### EXERCISE
Repeat each entry as written, dropping any picture you find.

BEGIN

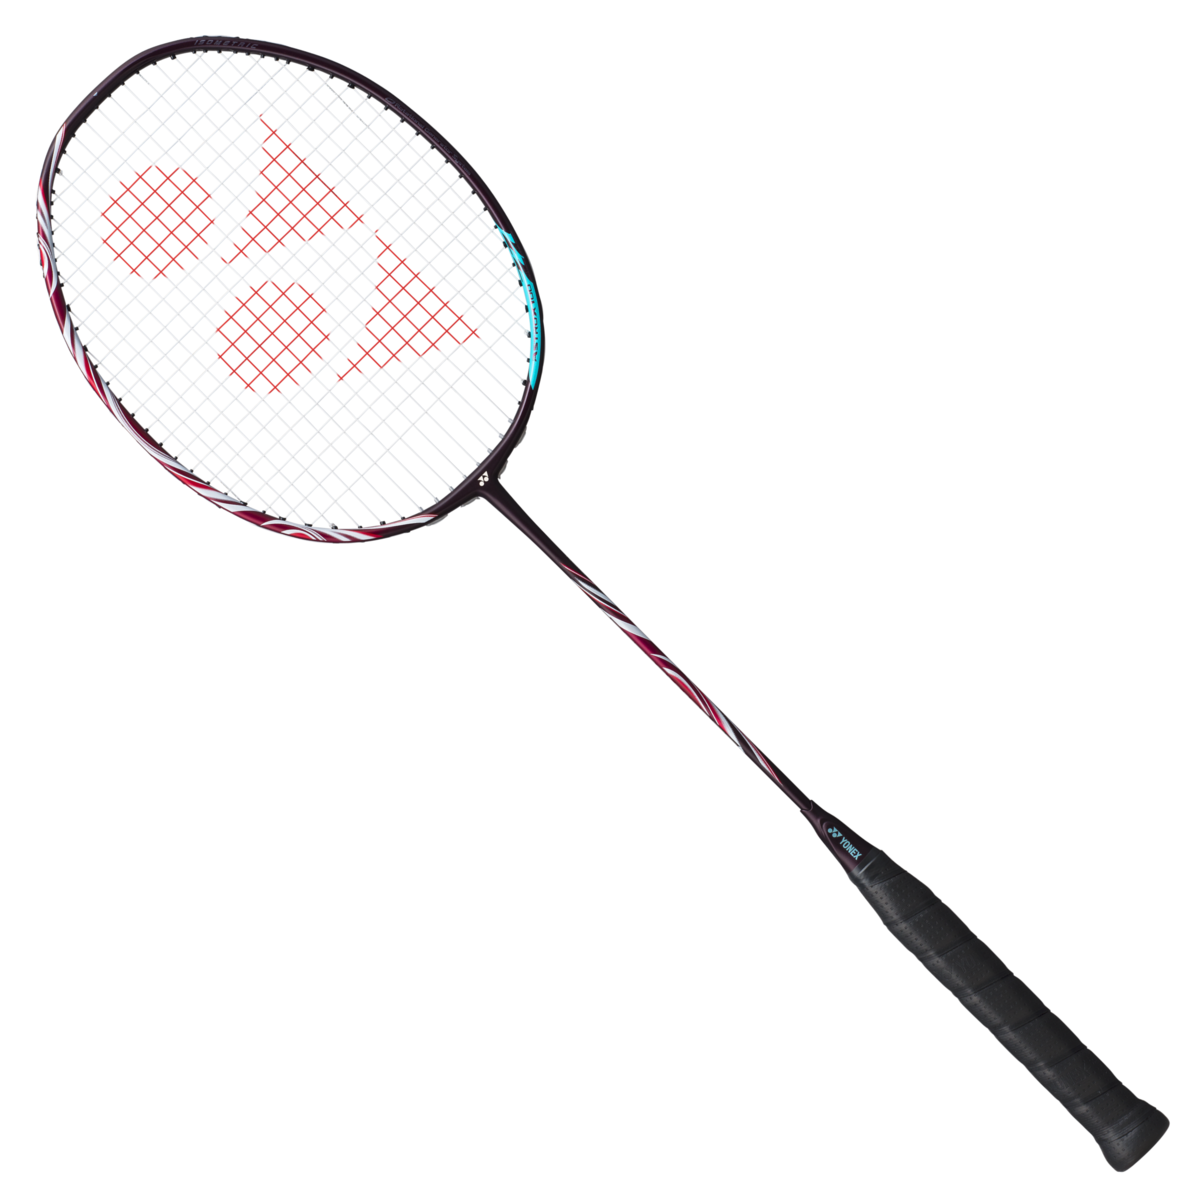 Yonex Astrox 100 ZZ Viktor Axelsen's Badminton Racket
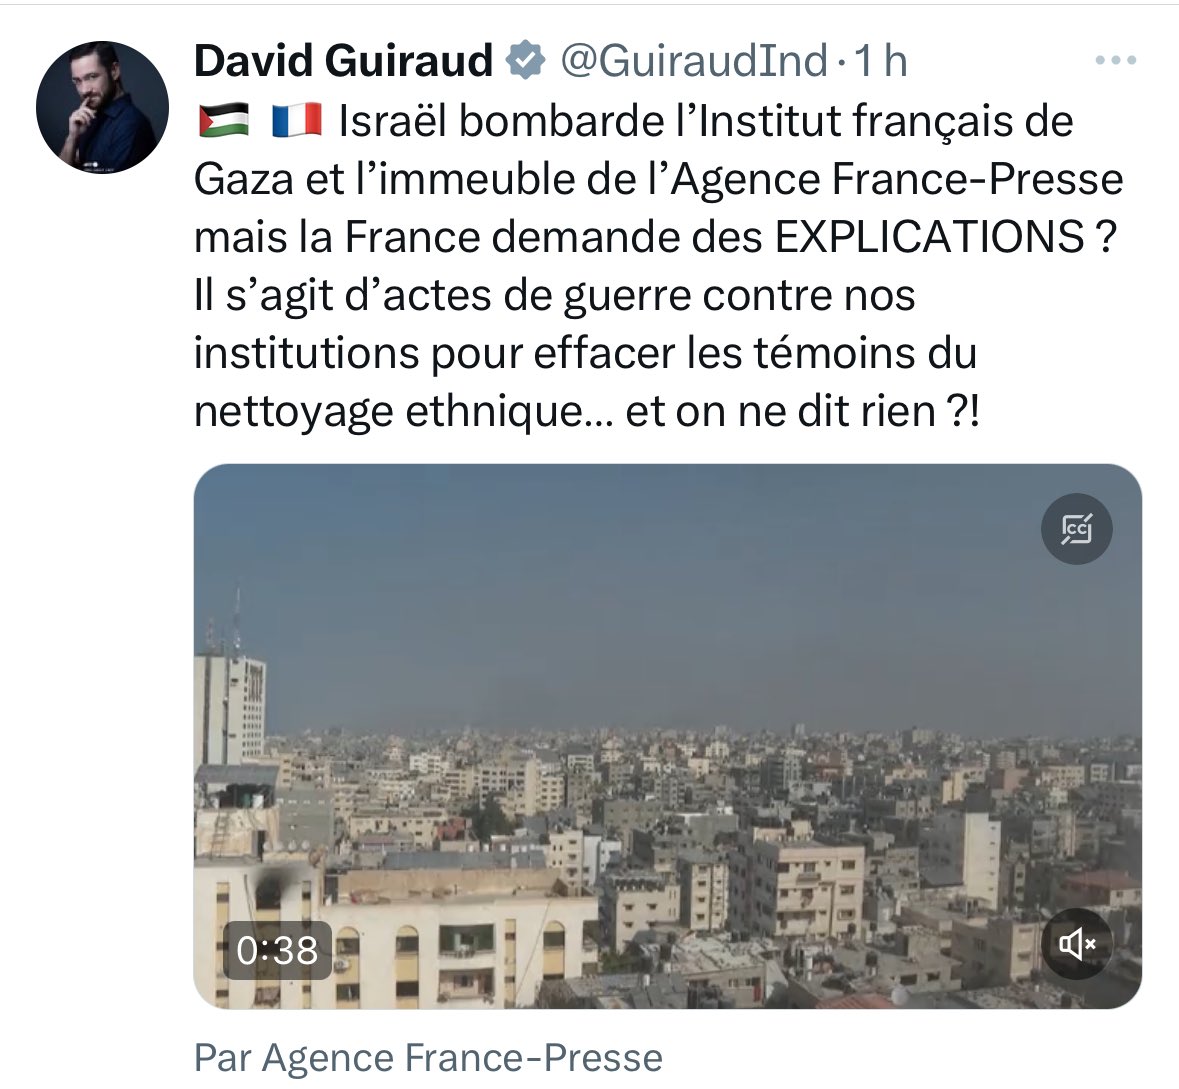 Guiraud est très très fort pour défendre les islamistes, comme il l'a fait avec l'imam antisemite Iquioussen en France. 

Niveau propagande il me rappelle parfois Goebels. Mais niveau qualité on est plus proche d'AliExpress. 

1. L'AFP elle-même a indiqué que le bâtiment était
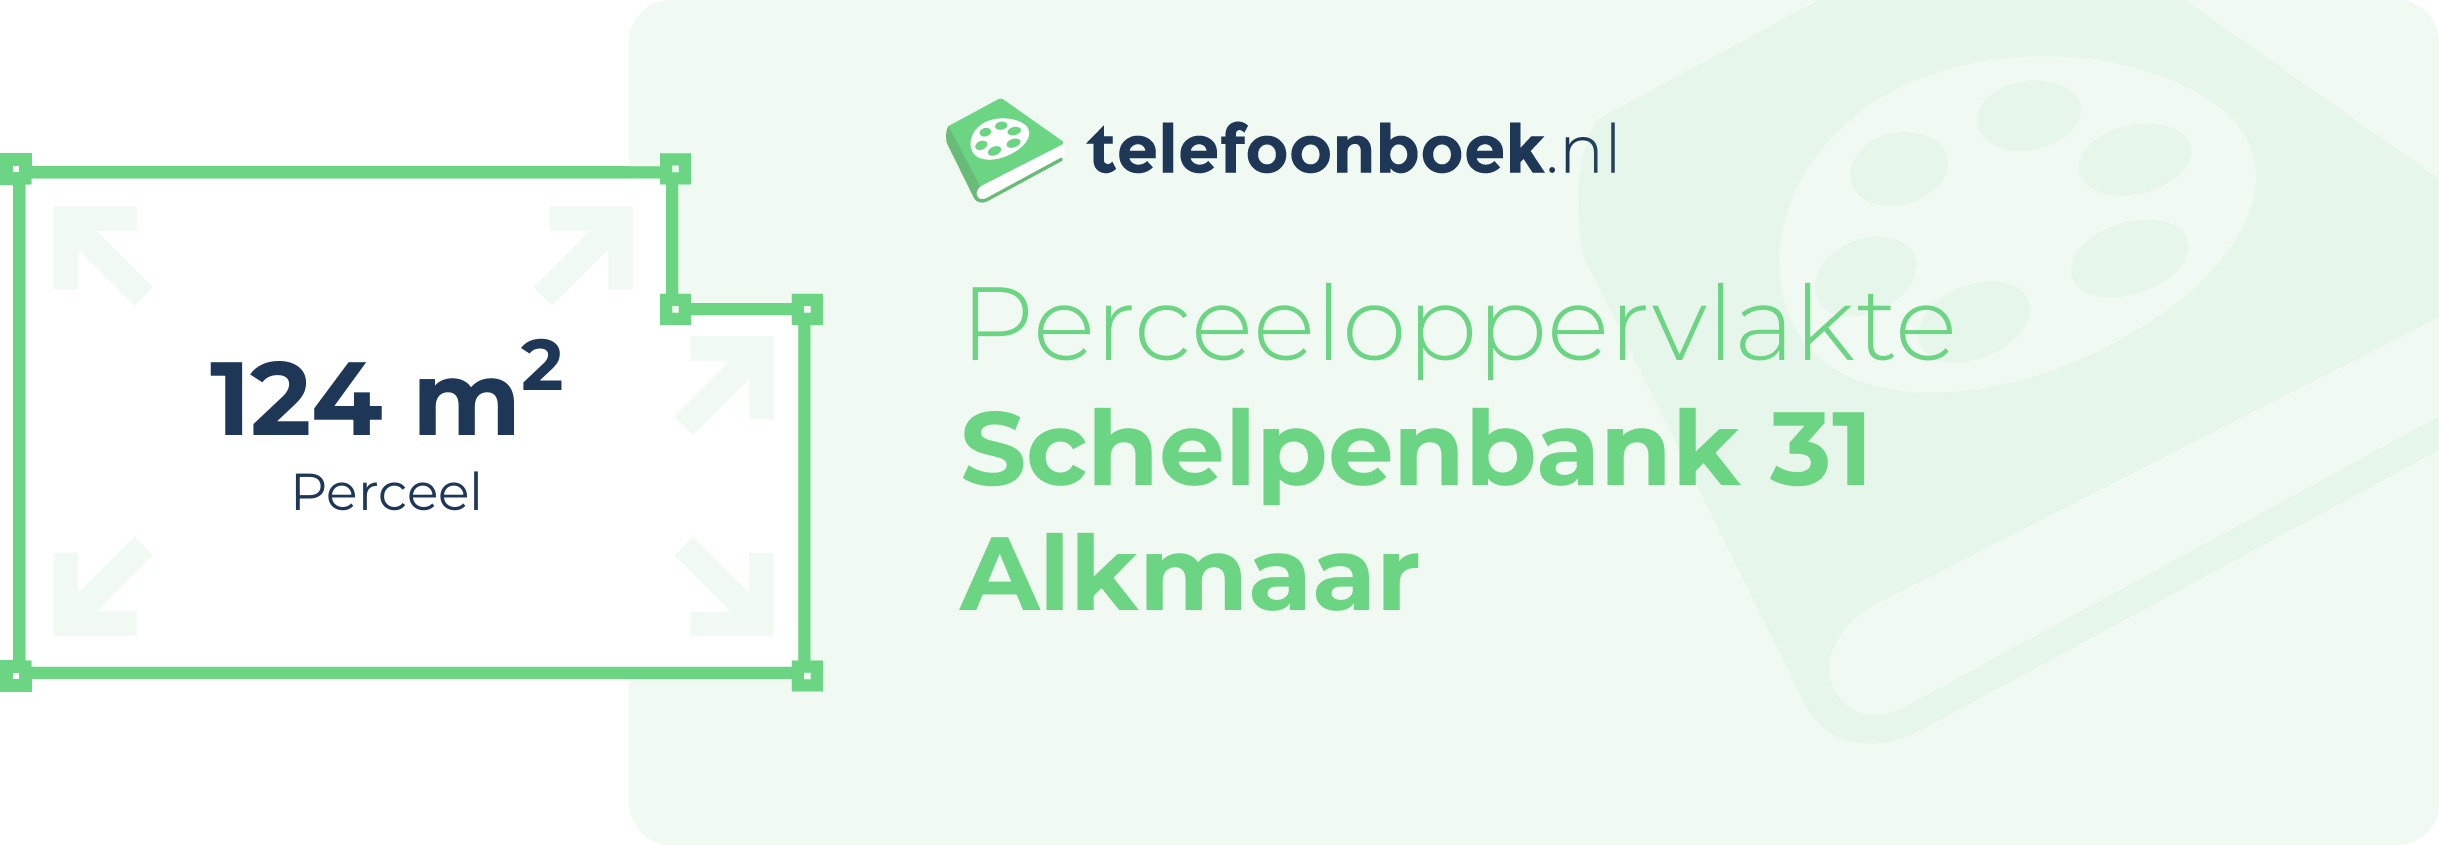 Perceeloppervlakte Schelpenbank 31 Alkmaar
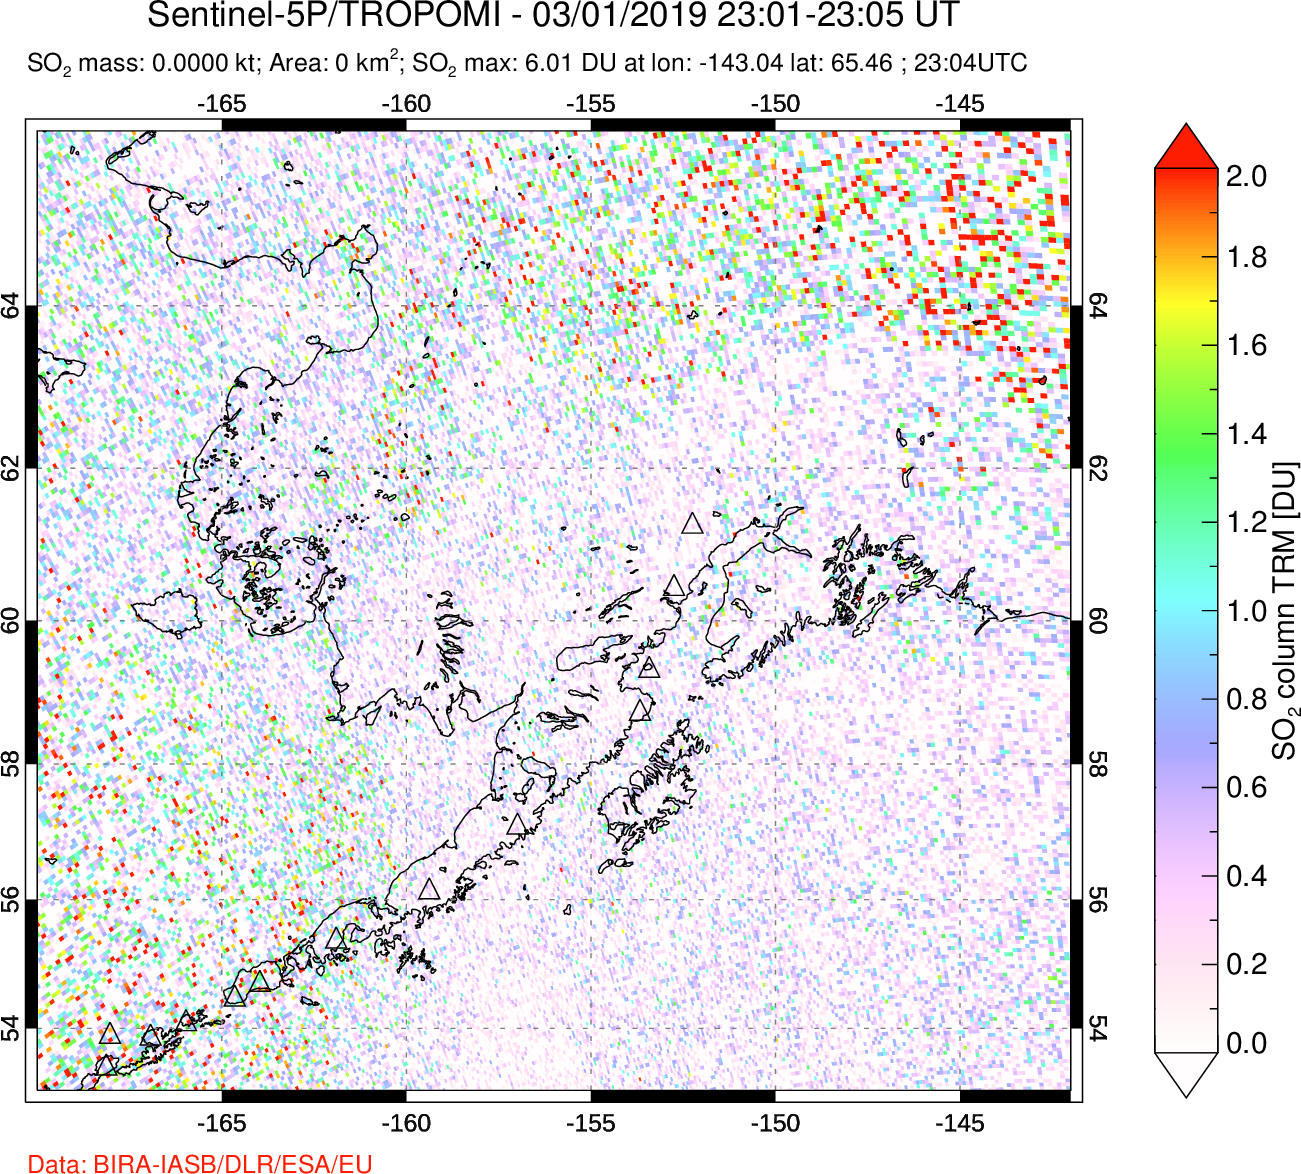 A sulfur dioxide image over Alaska, USA on Mar 01, 2019.
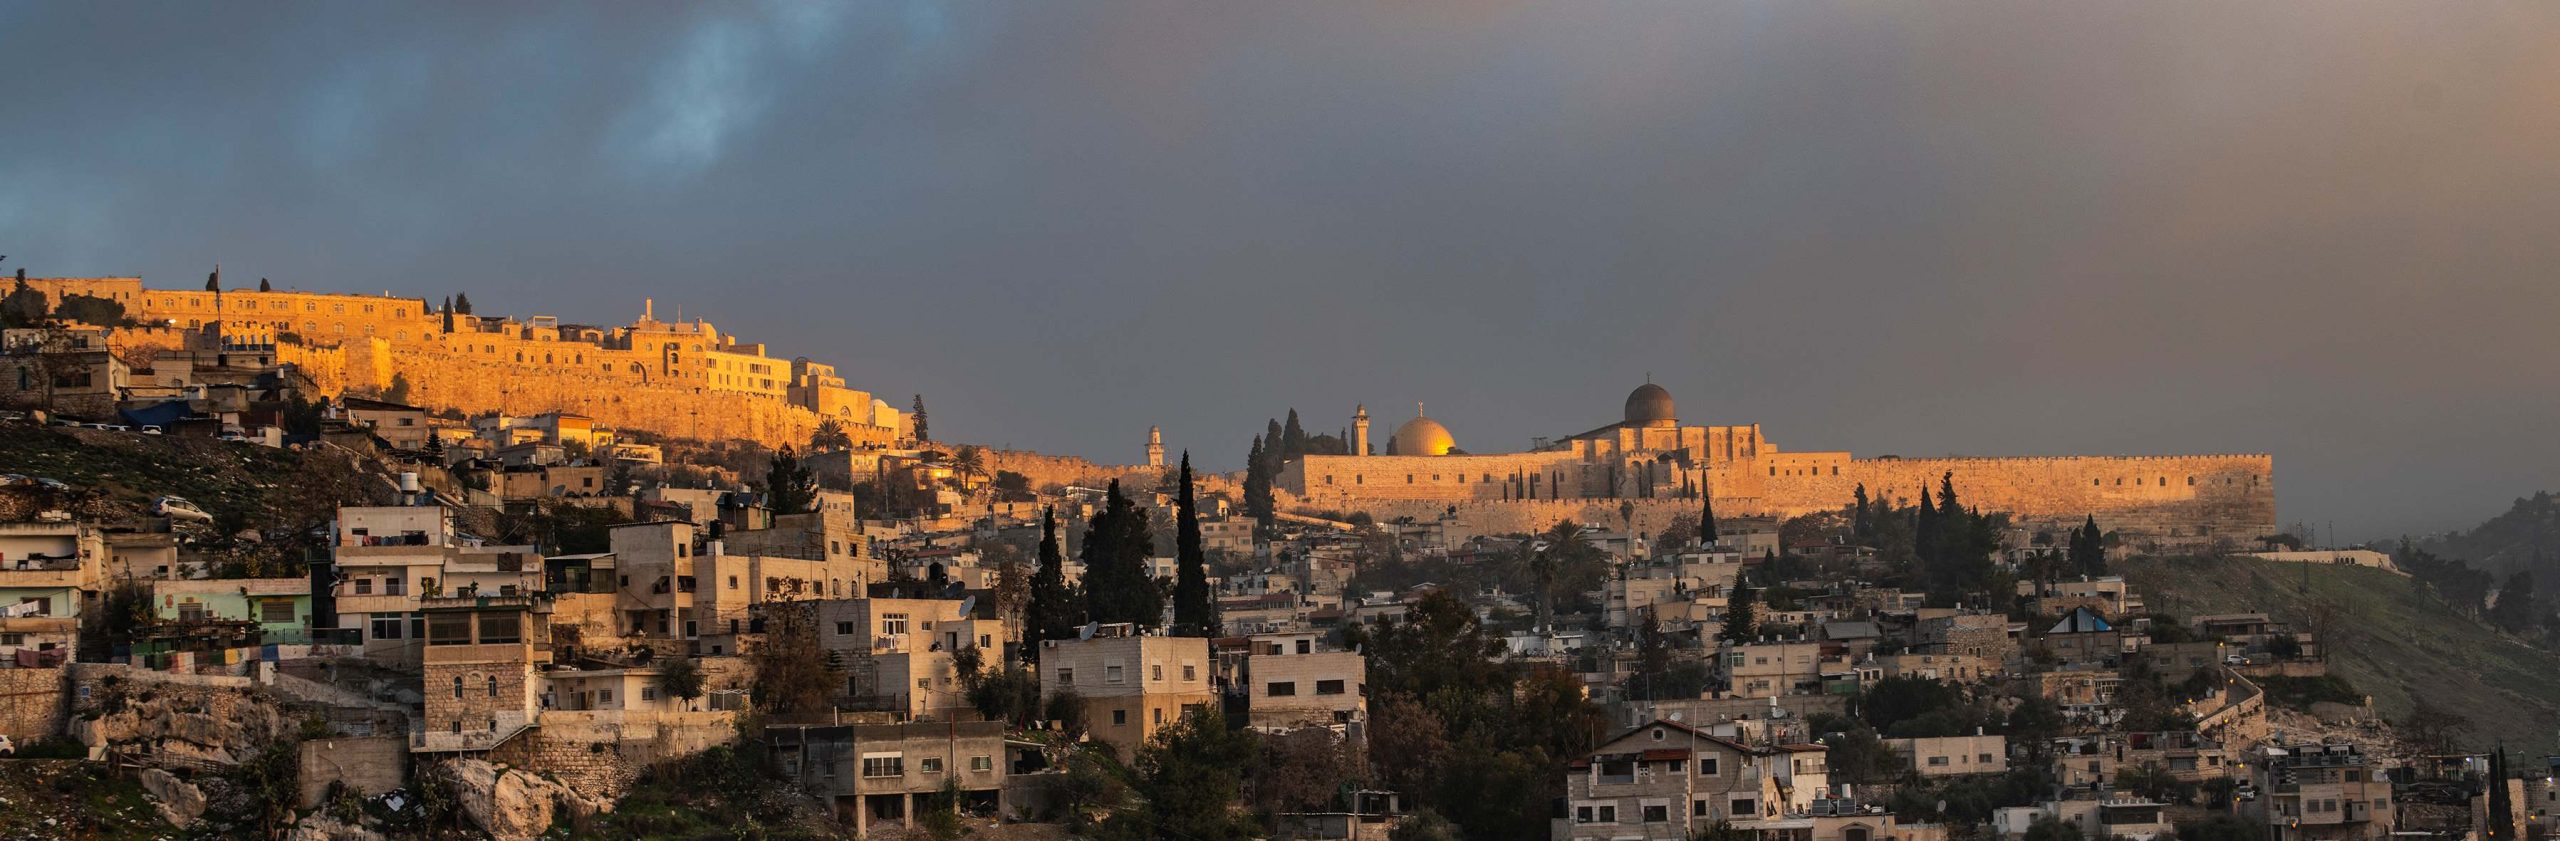 ירושלים. צילום: שי הלוי

END

### ANSWER
 Yonex Astrox 100 ZZ Viktor Axelsen's Badminton Racket
 Guiraud est très très fort pour défendre les islamistes, comme il l'a fait avec l'imam antisemite Iquioussen en France. 

Niveau propagande il me rappelle parfois Goebels. Mais niveau qualité on est plus proche d'AliExpress. 

1. L'AFP elle-même a indiqué que le bâtiment était
 Perceeloppervlakte Schelpenbank 31 Alkmaar
 A sulfur dioxide image over Alaska, USA on Mar 01, 2019.
 ירושלים. צילום: שי הלוי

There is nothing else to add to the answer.